**Data entries**
--- START ---
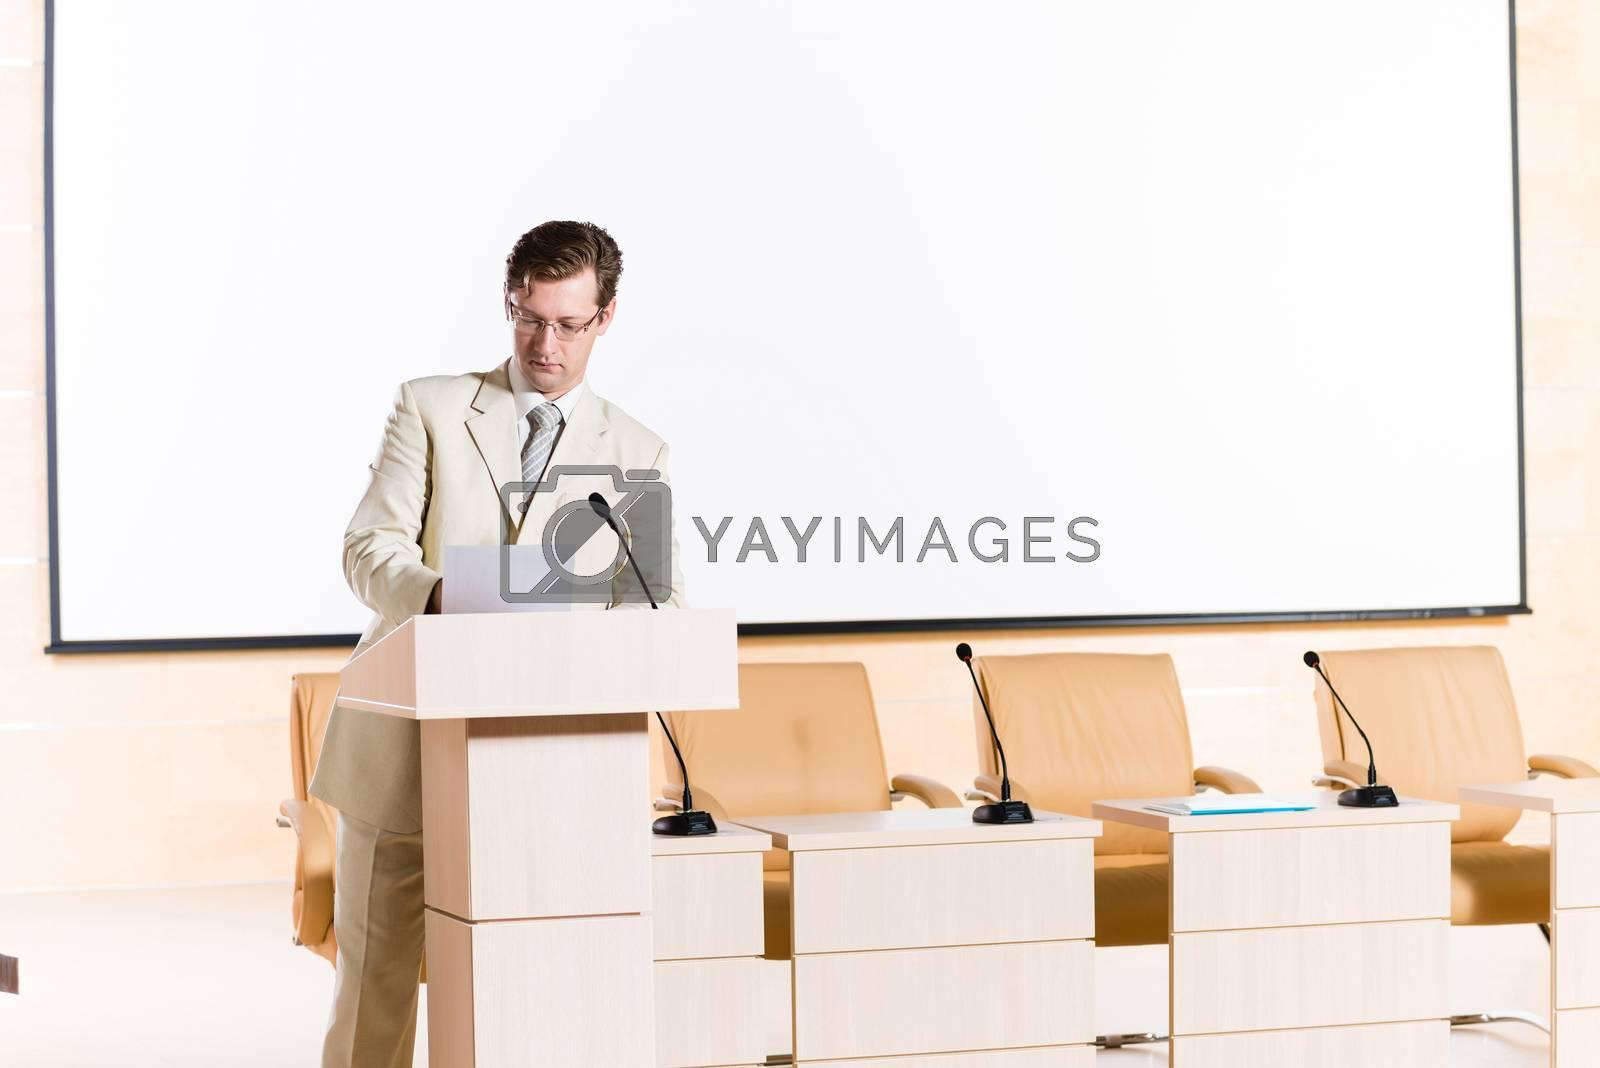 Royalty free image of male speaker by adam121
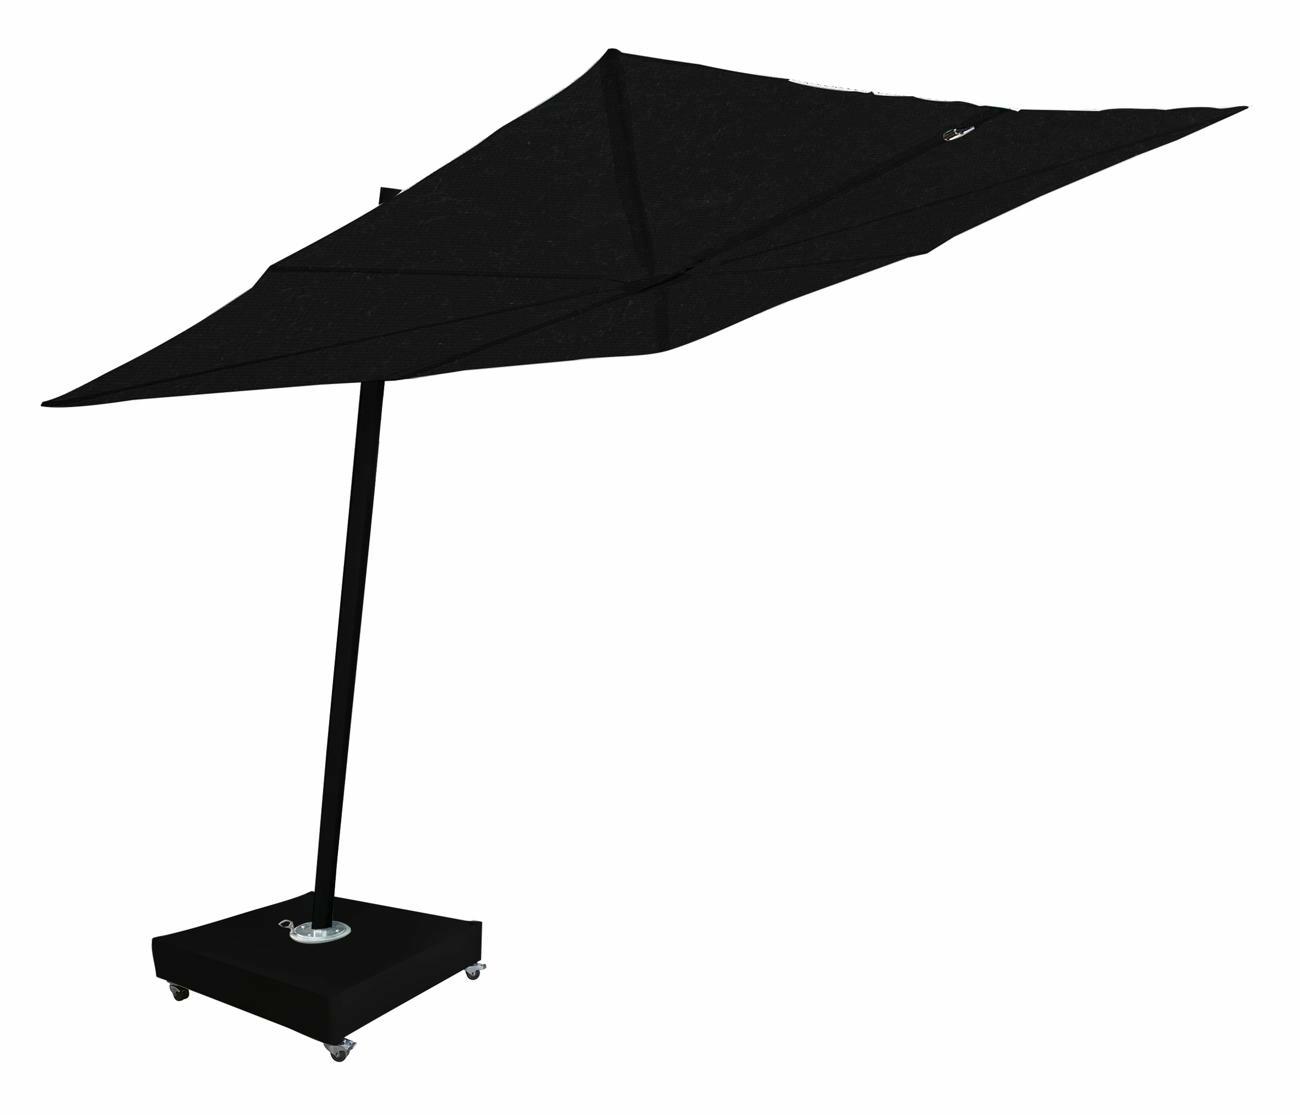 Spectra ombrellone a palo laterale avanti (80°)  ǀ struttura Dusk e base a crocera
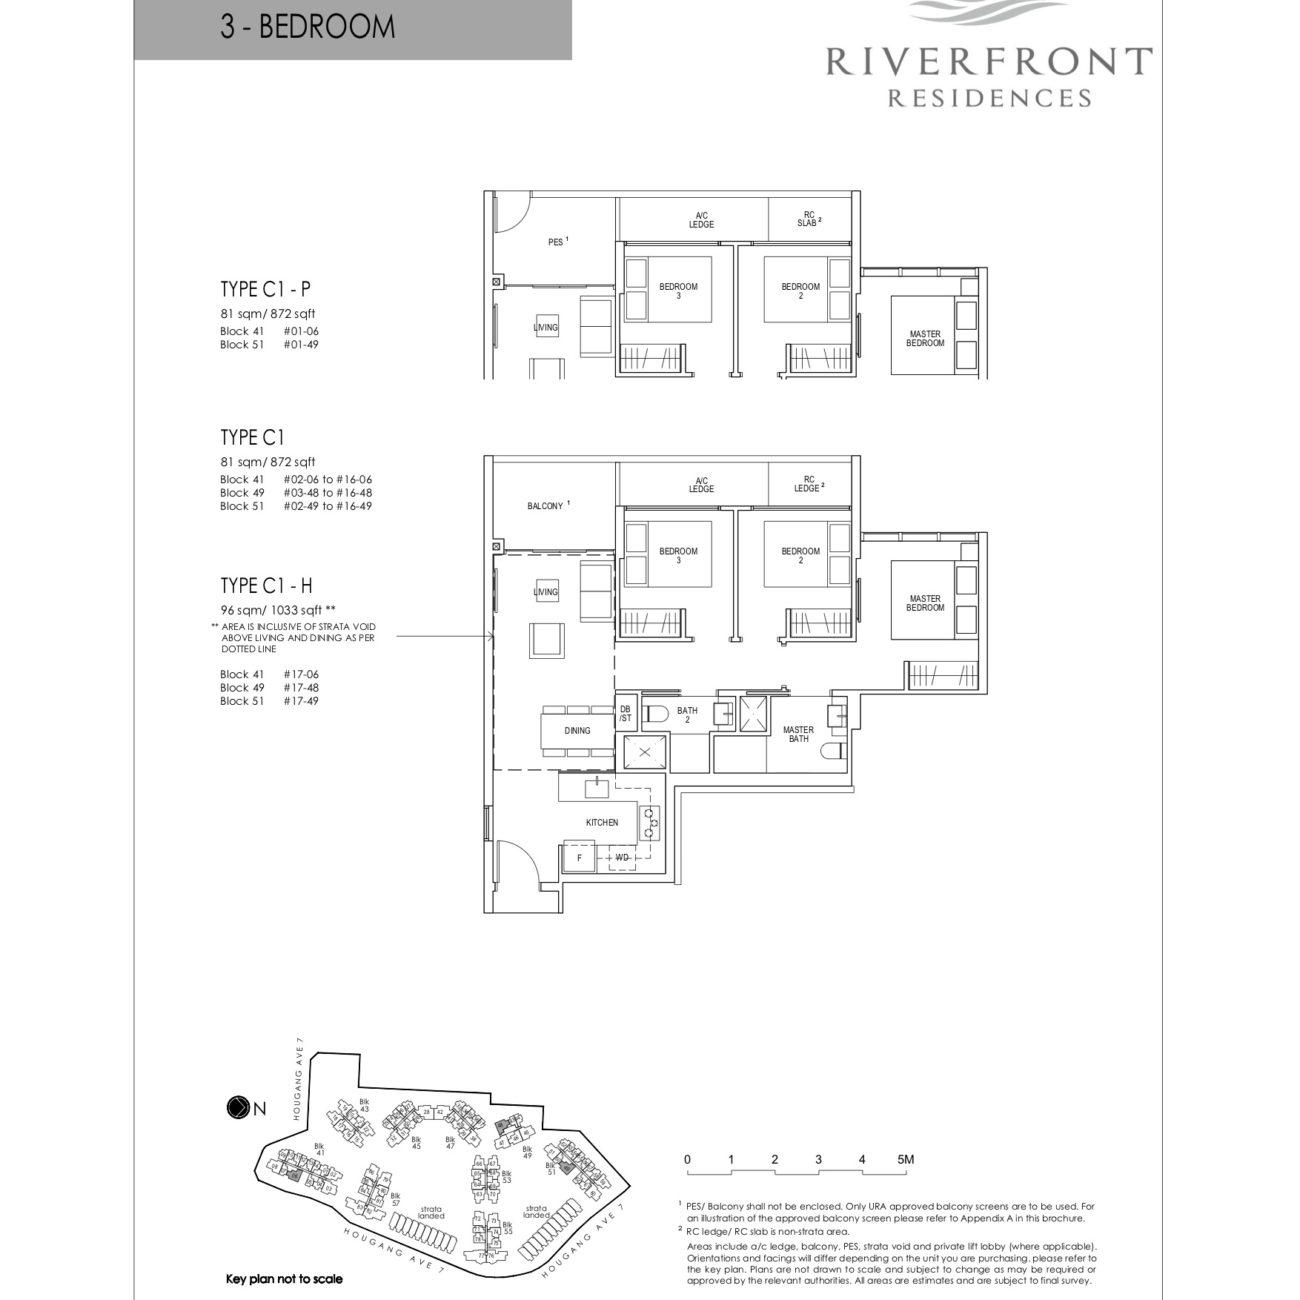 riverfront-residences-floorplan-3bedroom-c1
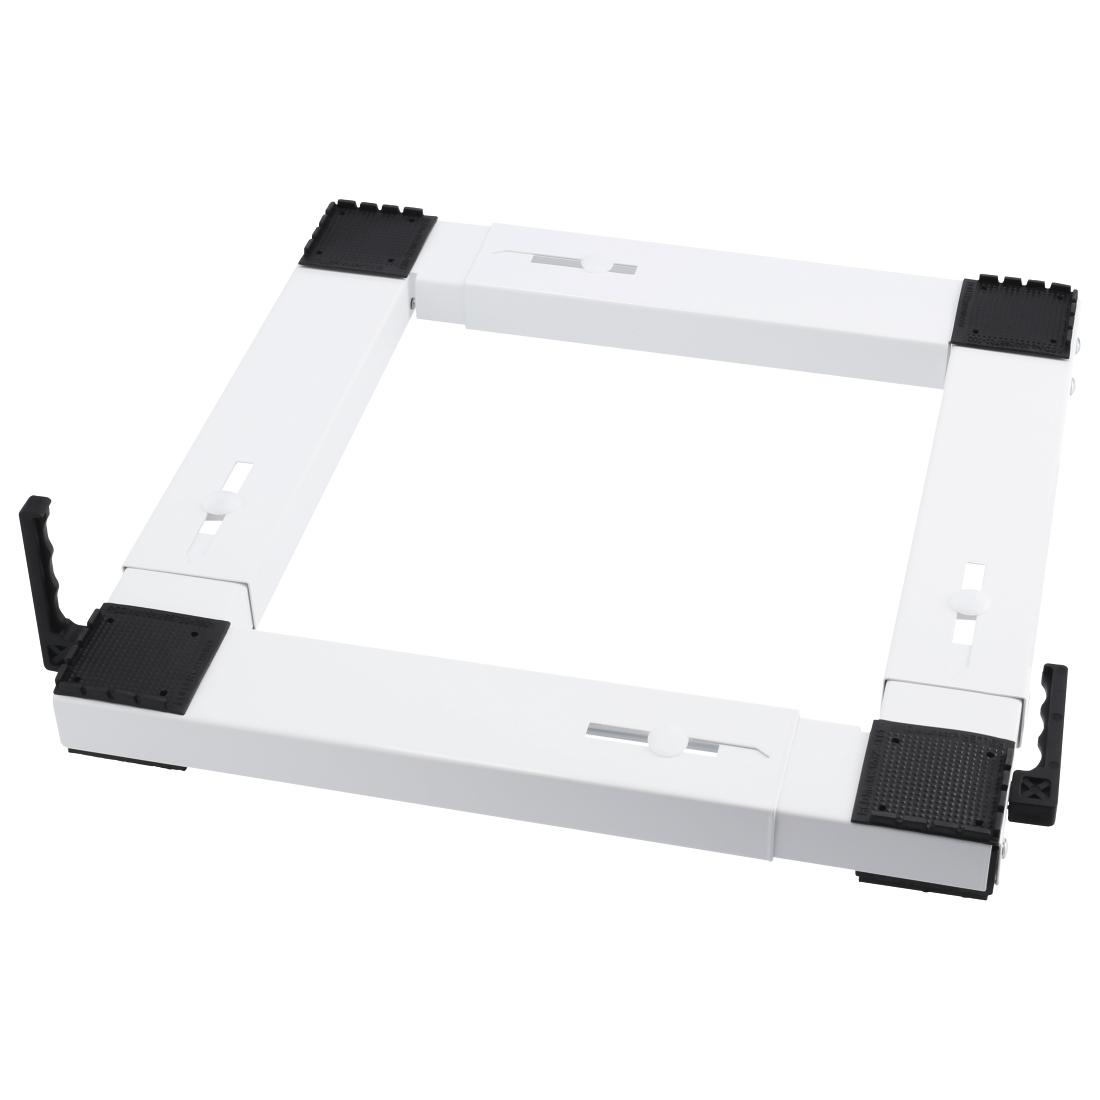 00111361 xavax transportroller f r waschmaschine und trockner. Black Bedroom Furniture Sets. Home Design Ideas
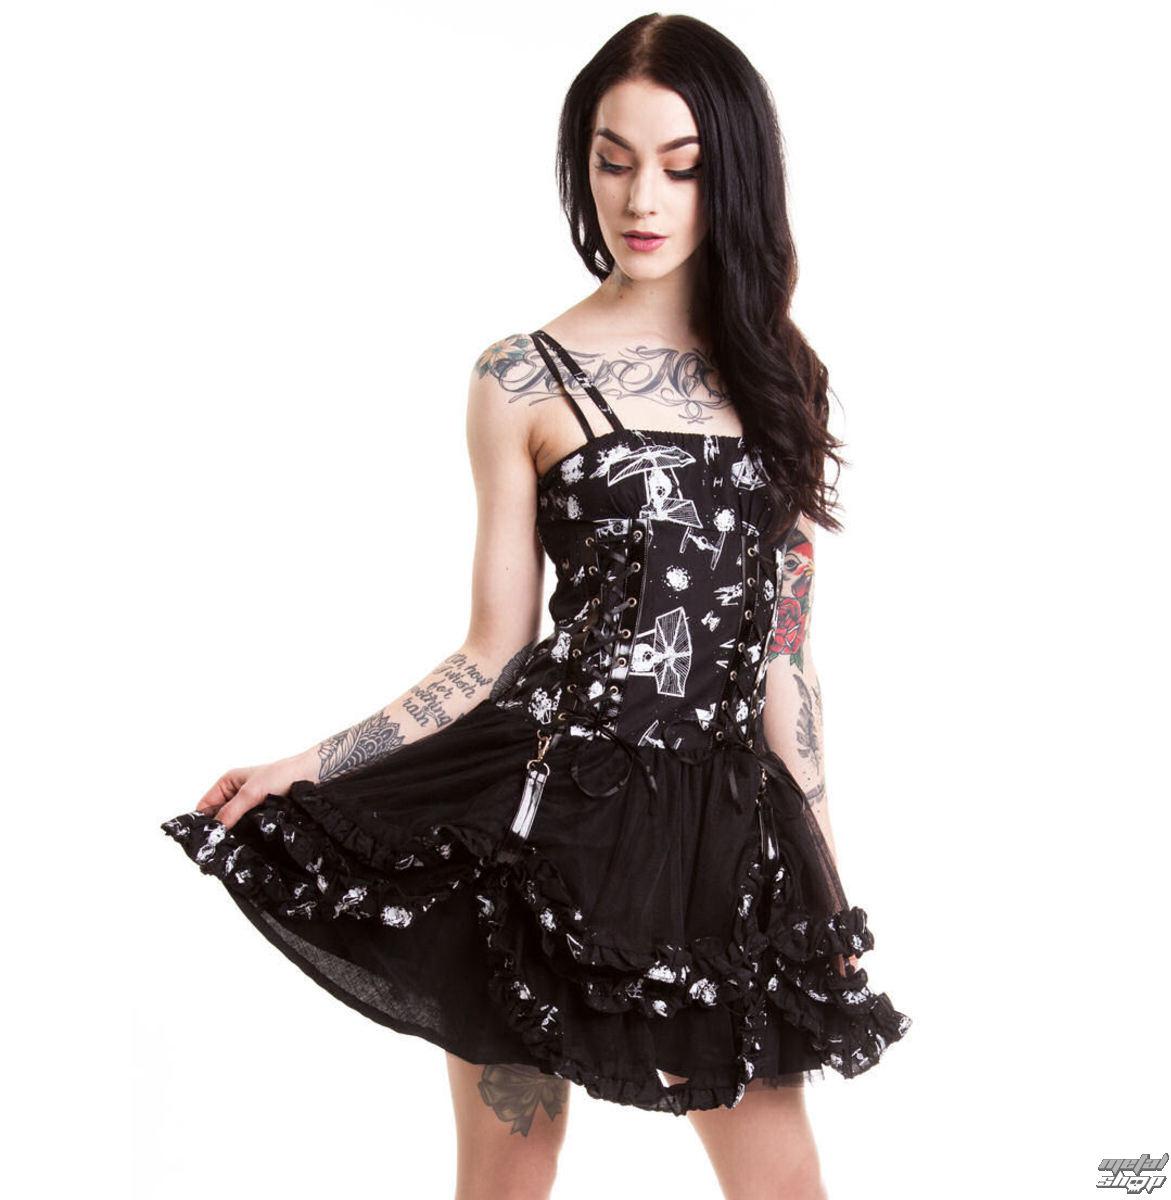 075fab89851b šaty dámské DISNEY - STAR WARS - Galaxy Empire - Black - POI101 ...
--- END ---
**WHAT YOU NEED TO DO**
Take the entries shown above and quote them verbatim, passing over the pictures.

**EXPECTED ANSWER**
 Royalty free image of male speaker by adam121
 Spectra ombrellone a palo laterale avanti (80°)  ǀ struttura Dusk e base a crocera
 riverfront-residences-floorplan-3bedroom-c1
 00111361 xavax transportroller f r waschmaschine und trockner. Black Bedroom Furniture Sets. Home Design Ideas
 075fab89851b šaty dámské DISNEY - STAR WARS - Galaxy Empire - Black - POI101 ...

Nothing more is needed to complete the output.